The data:
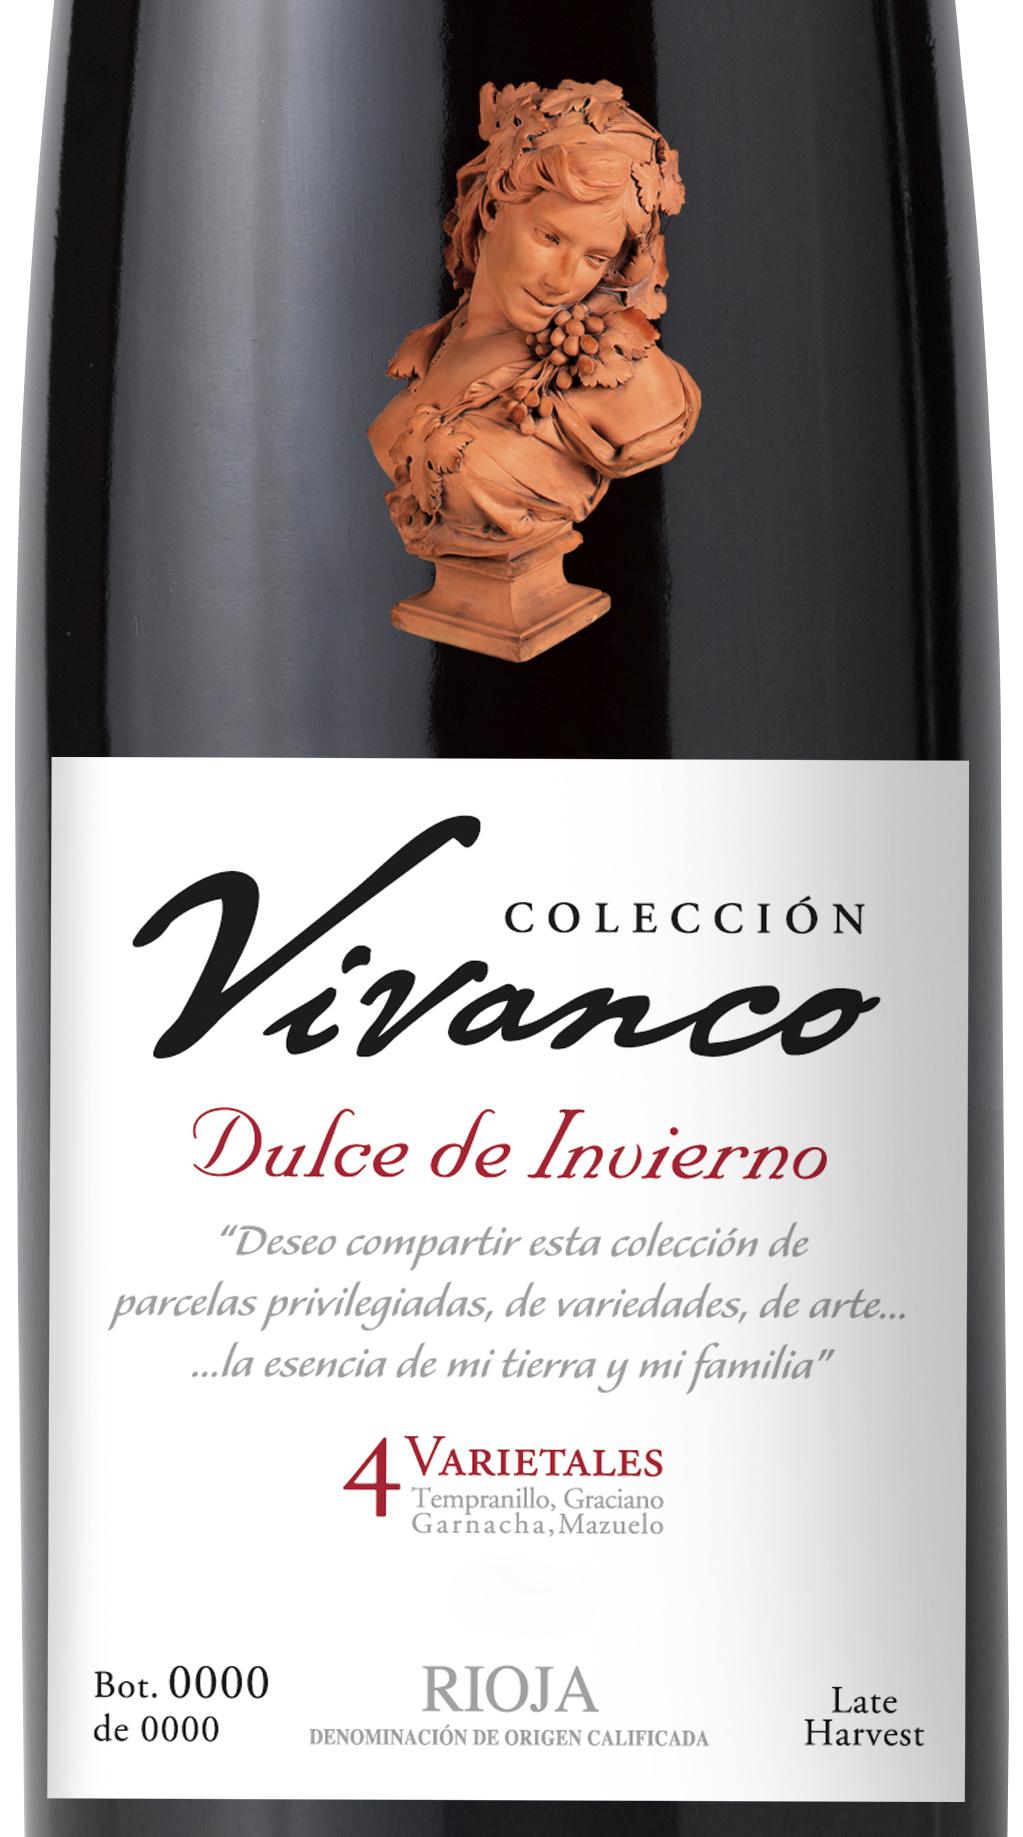 Colección Vivanco 4 Varietales Dulce De Invierno
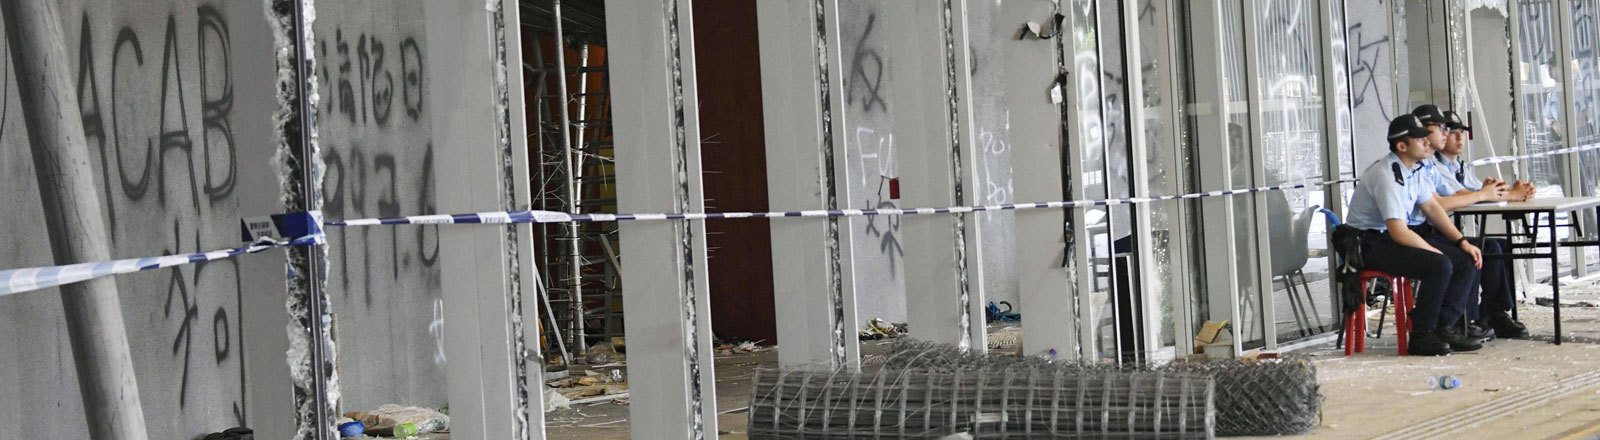 Das Parlamentsgebäude in Hongkong wurde nach Protesten schwer beschädigt. Fenster und Türen sind eingeschlagen. Davor sitzen drei Polizisten.
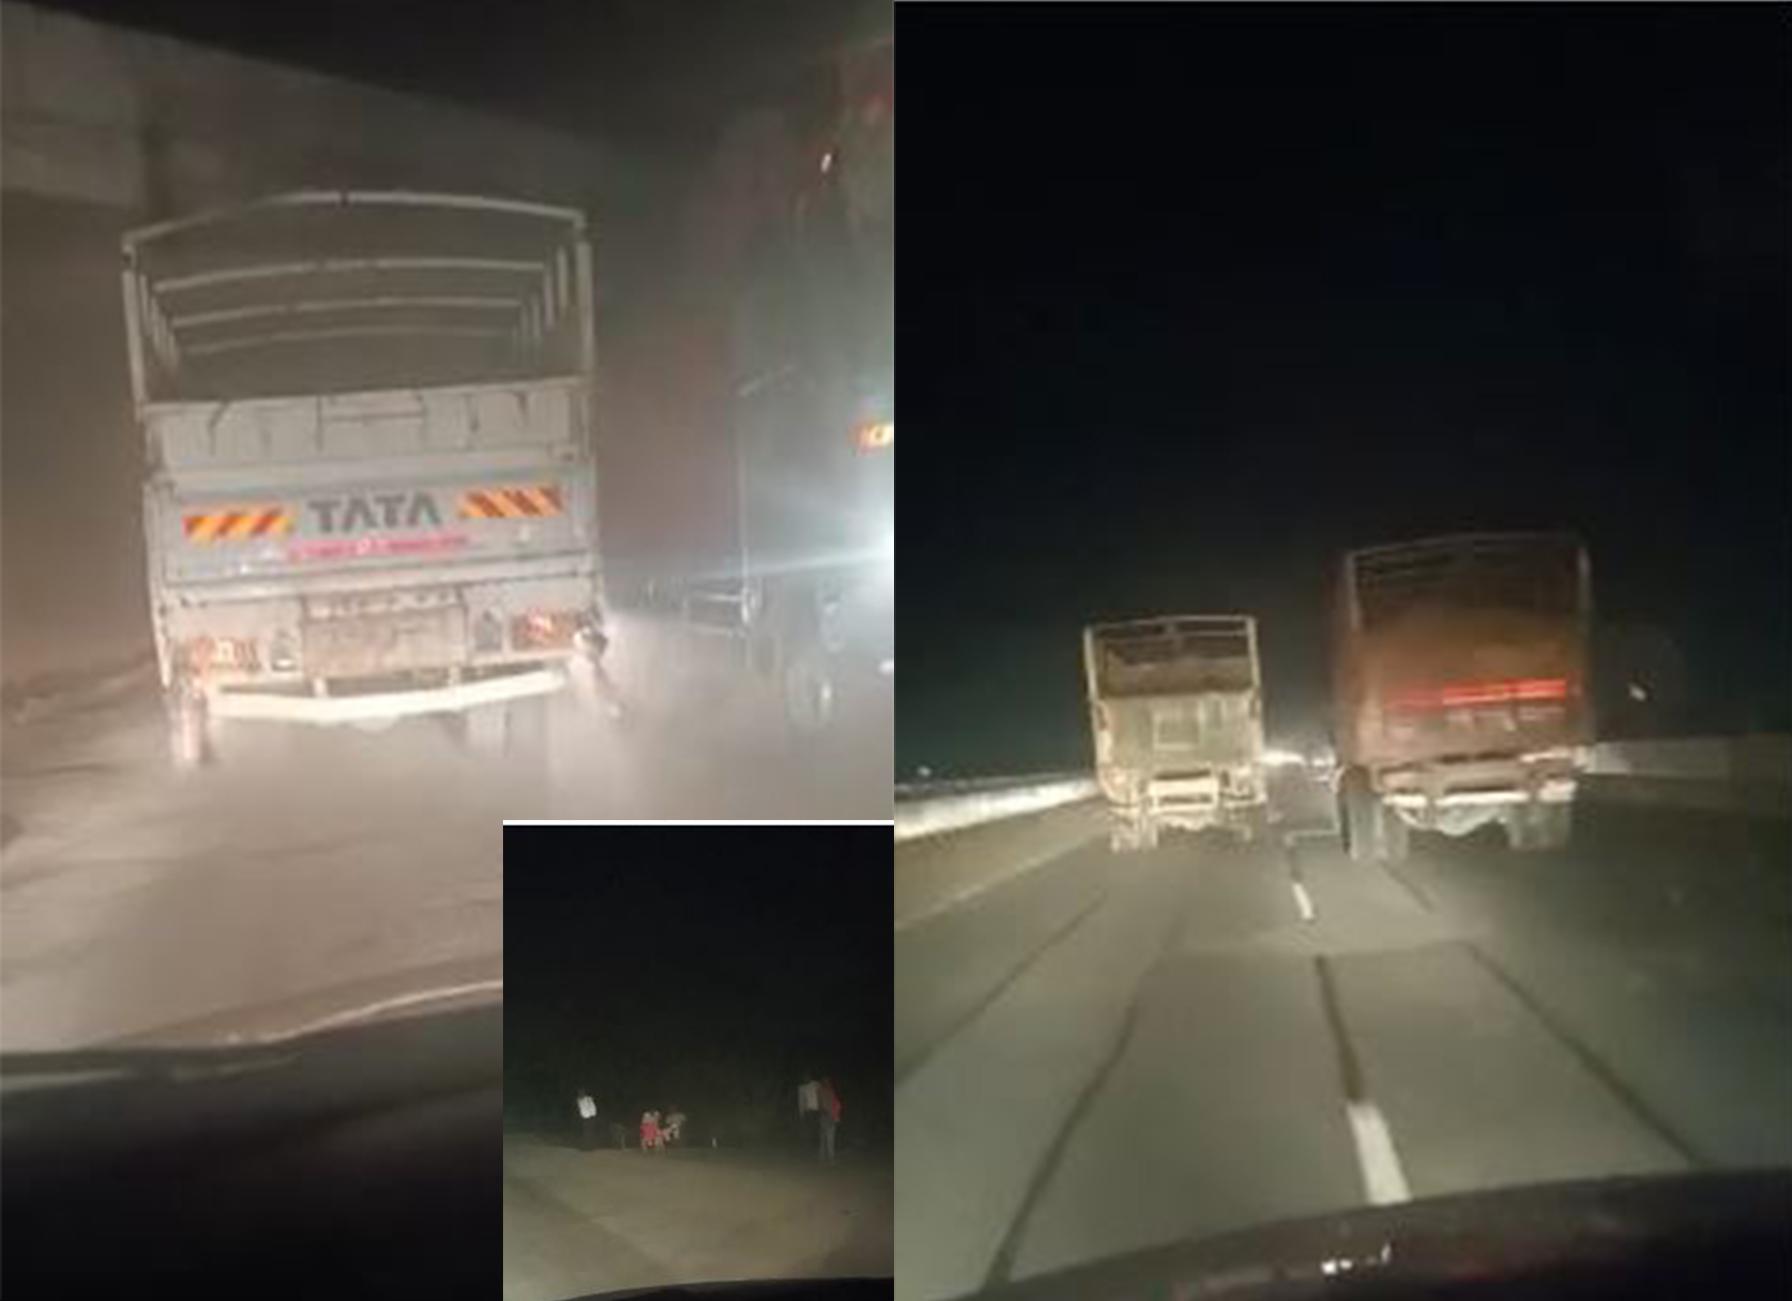 रोक लगने के बाद भी पुलिस की सांठ गांठ से पार हो रहे है बालू लोडेड ट्रक और ट्रैक्टर,देखे वीडियो

Required work: Would you reproduce the lines above exactly, without carrying over the pictures?

Exercise answer:
 Colección Vivanco 4 Varietales Dulce De Invierno
 Das Parlamentsgebäude in Hongkong wurde nach Protesten schwer beschädigt. Fenster und Türen sind eingeschlagen. Davor sitzen drei Polizisten.
 रोक लगने के बाद भी पुलिस की सांठ गांठ से पार हो रहे है बालू लोडेड ट्रक और ट्रैक्टर,देखे वीडियो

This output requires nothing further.